Ratio of the conductance, G, at a given voltage, V_m, divided by the conductance, G₀, at 10mV as a function of the voltage. The aqueous phase contained either 0.5M KCI, 0.5MK-MES, or 0.5M TRIS-HCI (pH in all cases 7.2). The cis-side contained about 10ng/ml hVDAC1 [Porin 31 HL (Benz et al., 1992)]. The sign of the voltage is given with respect to the cis-side, the side of the addition of Porin 31HL.

Figure 3

Semilogarithmic plot of the ratio, N₀/N_c, as a function of the transmembrane potential V_m. The data were taken from Figure 2. The slope of the straight lines is such that an e-fold change of N₀/N_c is produced by a change in V_m of 12.5mV (left side) and 11.9mV (right side), corresponding to gating charges, n=2.0 and 2.1, respectively. The midpoint potential of the N₀/N_c distribution (i.e., N₀=N_c) was at 27.4mV (left side) and 35mV (right side).

Figure 4

Stepwise increase of the membrane current (given in pA) after the addition of porin 31HL (hVDAC1) to a black lipid bilayer membrane given as a function of time. The aqueous phase contained 5ng/ml Porin 31HL and 1M KCl (Benz et al., 1992). The membrane was formed from diphytanoyl phosphatidylcholine/n-decane. The voltage applied was 10mV; T=20°C.

Figure 5

Histogram of conductance fluctuations observed with membranes of diphytanoyl phosphatidylcholine/n-decane in the presence of Porin 31HL (Benz et al., 1992). P(G) is the probability for the occurrence of a conductance step with a certain single-channel conductance (given in nS). The aqueous phase contained 1M KCl. The voltage applied was 10mV. The mean value of all upward directed steps was 4.3 nS for the right-side maximum and 2.4 nS for the left-side maximum (in total 288 single events); T=20°C.

Figure 6

Structure of the mitochondrial outer membrane pore (mVDAC1) and an OmpF monomer of E. coli. β-strands within the protein structures are shown in yellow and α-helical stretches in red.

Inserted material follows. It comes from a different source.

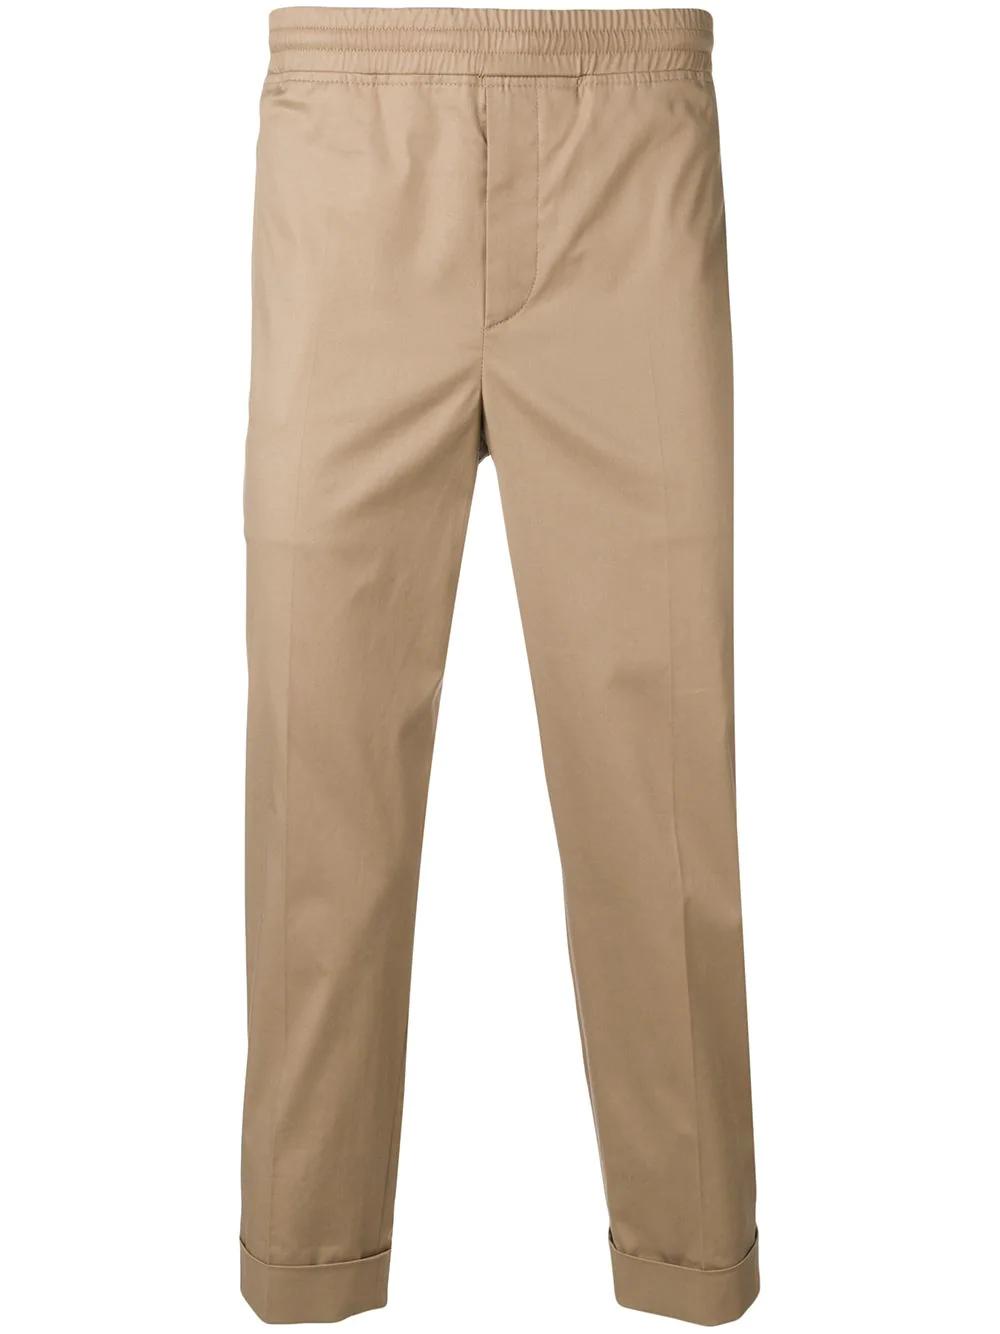 f462384c50aed Neil Barrett Slim Fit Joggers - Neutrals | ModeSens
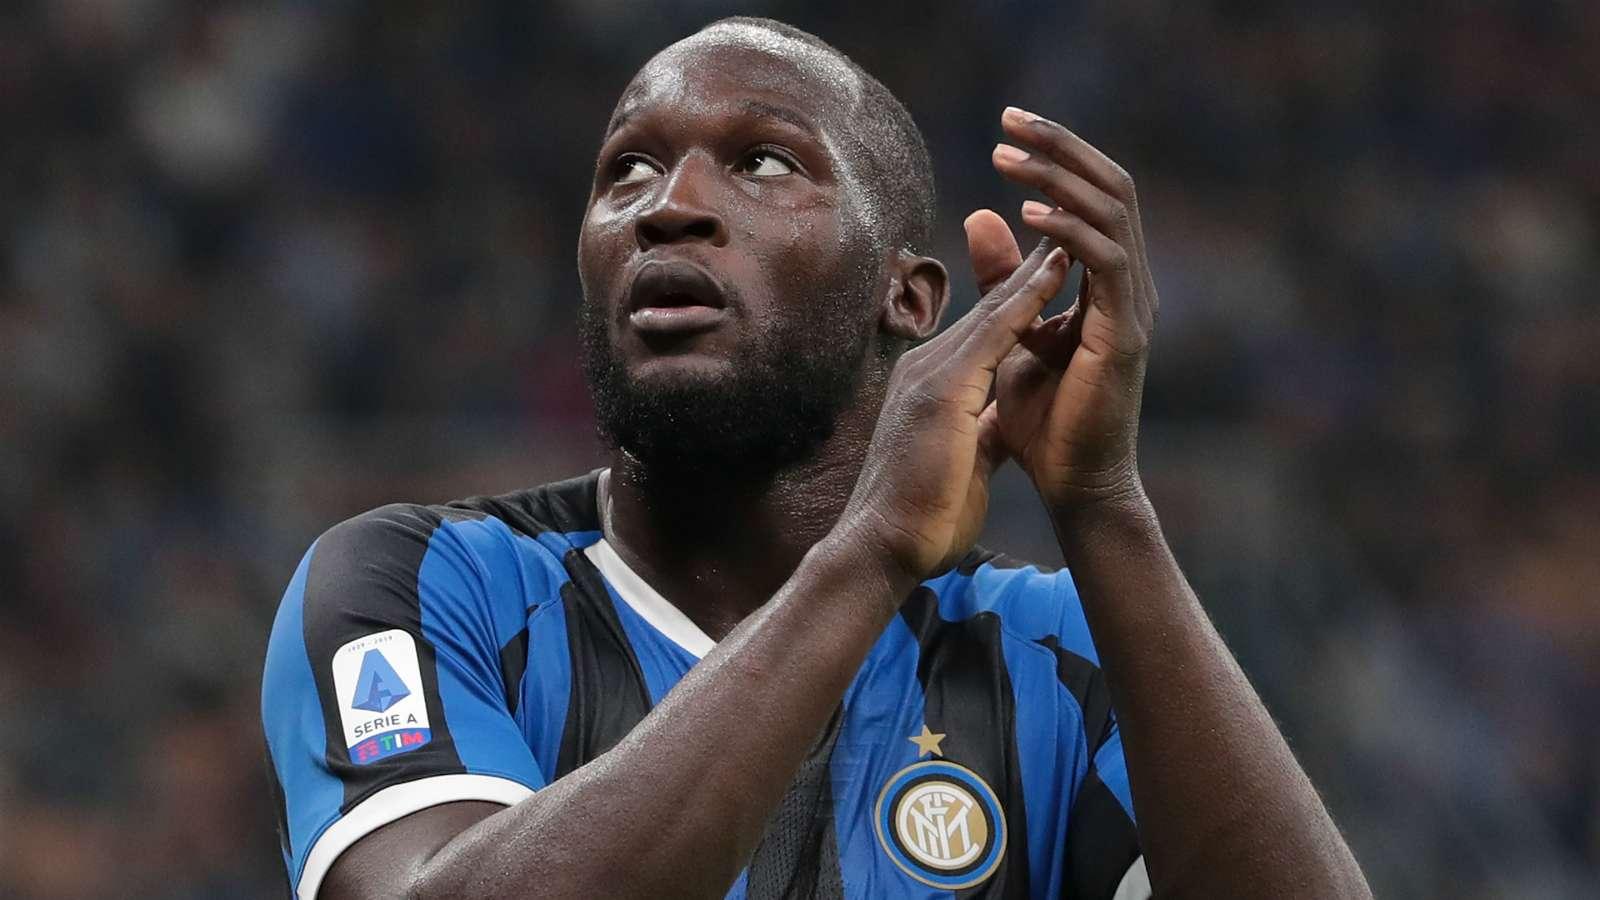 اینتر-بلژیک-سری آ-نراتزوری-Inter-Serie A-Italy-Belgium

The 3D structures of the proteins are shown from the side in direction to the surface of the mitochondrion and the cell (upper structures) and from the surface of the mitochondrion and the bacterial cell (structures down). mVDAC1 (PDB code: 2JK4) is the 3D structure of mouse mitochondrial porin (Ujwal et al., 2008). OmpF (PDB code: 2OMF) represents the structure of the major outer membrane protein of E. coli (Cowan et al., 1992).